How do we achieve this though? Naively, we could use a public key encryption scheme, include a ciphertext containing each participant’s share, and then use a Zero-Knowledge (ZK) proof to show that each share is an encryption of f_j(x_i), and f_j corresponds to the public polynomial F_j we’re including in our contribution. This is essentially the approach taken by prior non-interactive constructions such as Groth’s DKG, which uses ElGamal encryption together with a NIZK of correct encryption. That achieves the properties we want, but would involve a ZK proof over an excessively large statement. This naive approach would be impractical for hundreds of validators, so we need to dig a bit deeper.

Making this more efficient

Treating encryption as a black box and doing a full ZK proof is always going to result in an inefficient system. To improve on this, we can figure out exactly what our encryption needs to do, and prove as little as necessary about it.

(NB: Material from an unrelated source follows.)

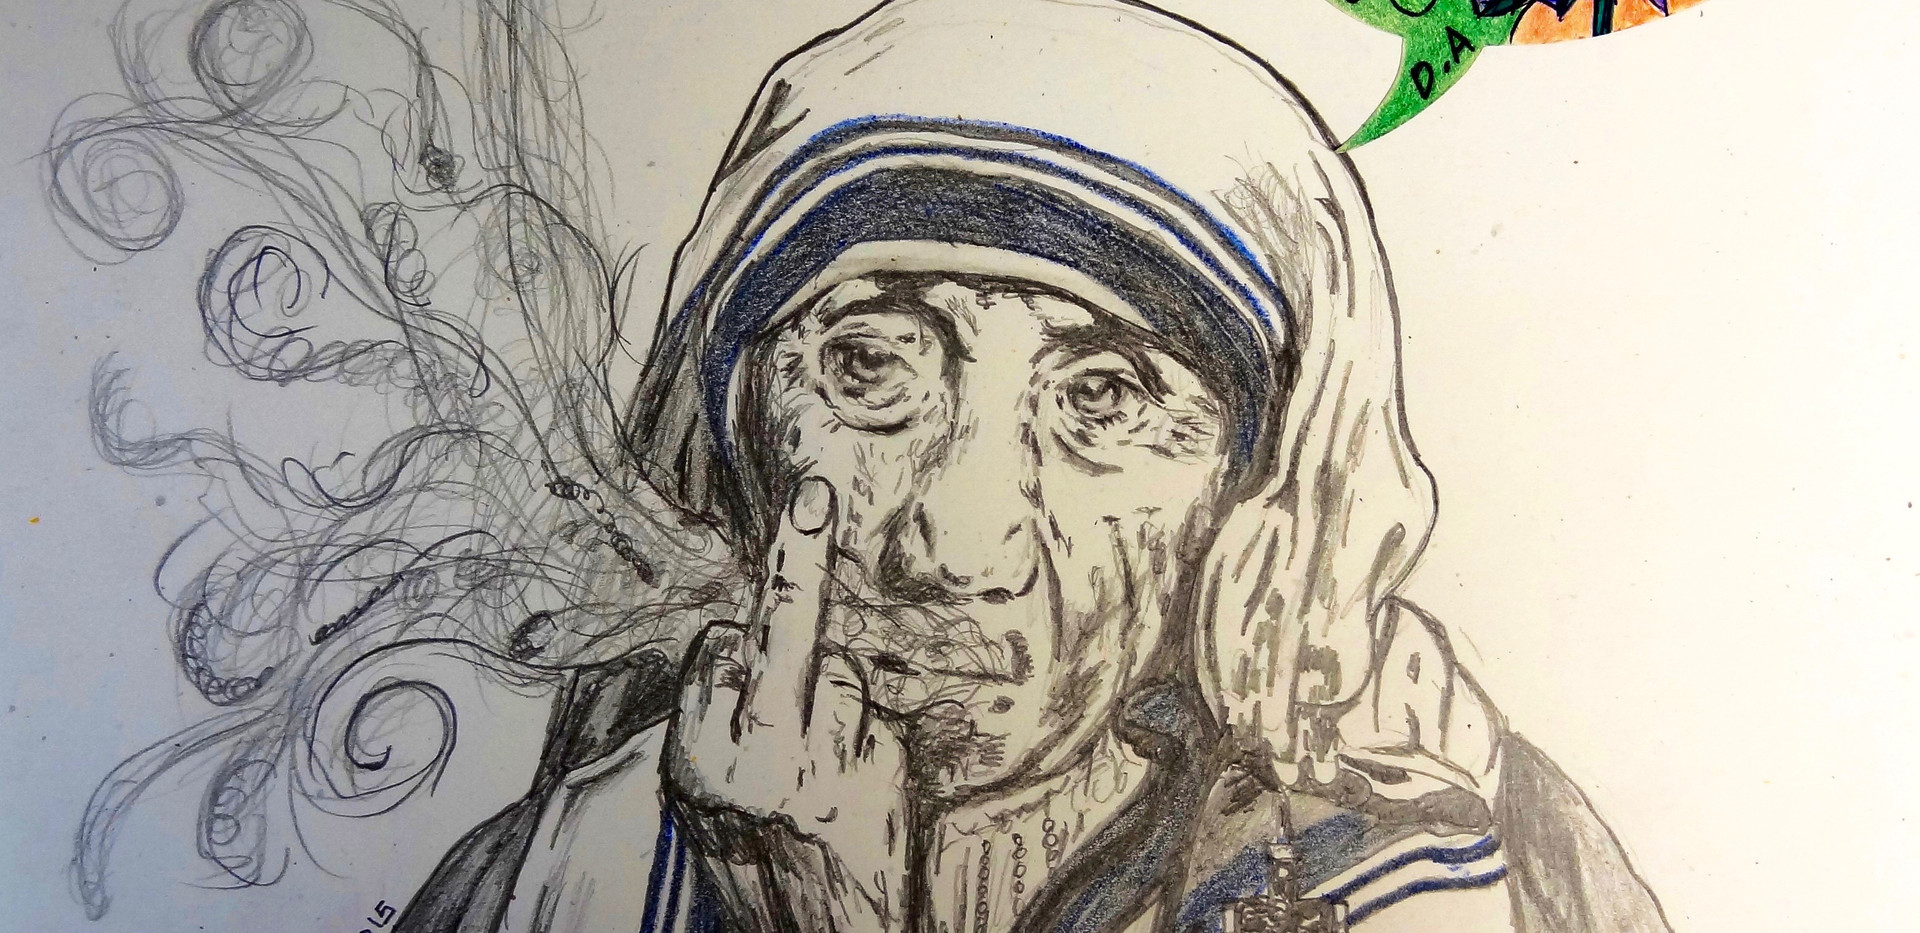 La Madre Teresa Loqueando. Pencil on Paper.

It turns out that we don’t need a full encryption scheme. Imagine if the dealer j and the player i had a shared mask m_{ij}. Then, the dealer could include c_{ji} := s_{ji} + m_{ij}. If other participants don’t know this mask, and it’s only used once, then we can safely include c_{ji} as the ciphertext.

How do we establish a shared mask between a dealer and a player though? A natural primitive here is a key exchange. We have a function \text{ke}, taking in one secret key, one public key, and a message, such that:

\text{ke}(\text{sk}_i, \text{Pk}_j, \text{msg}) = \text{ke}(\text{Pk}_i, \text{sk}_j, \text{msg})

In other words, given one of the secret keys, you can compute the key exchange value, getting the same random mask as your counterparty. Without either secret key, this value looks completely random, and we can even include a message which should also affect the output. By choosing a random message for each new DKG, we can make each output fresh.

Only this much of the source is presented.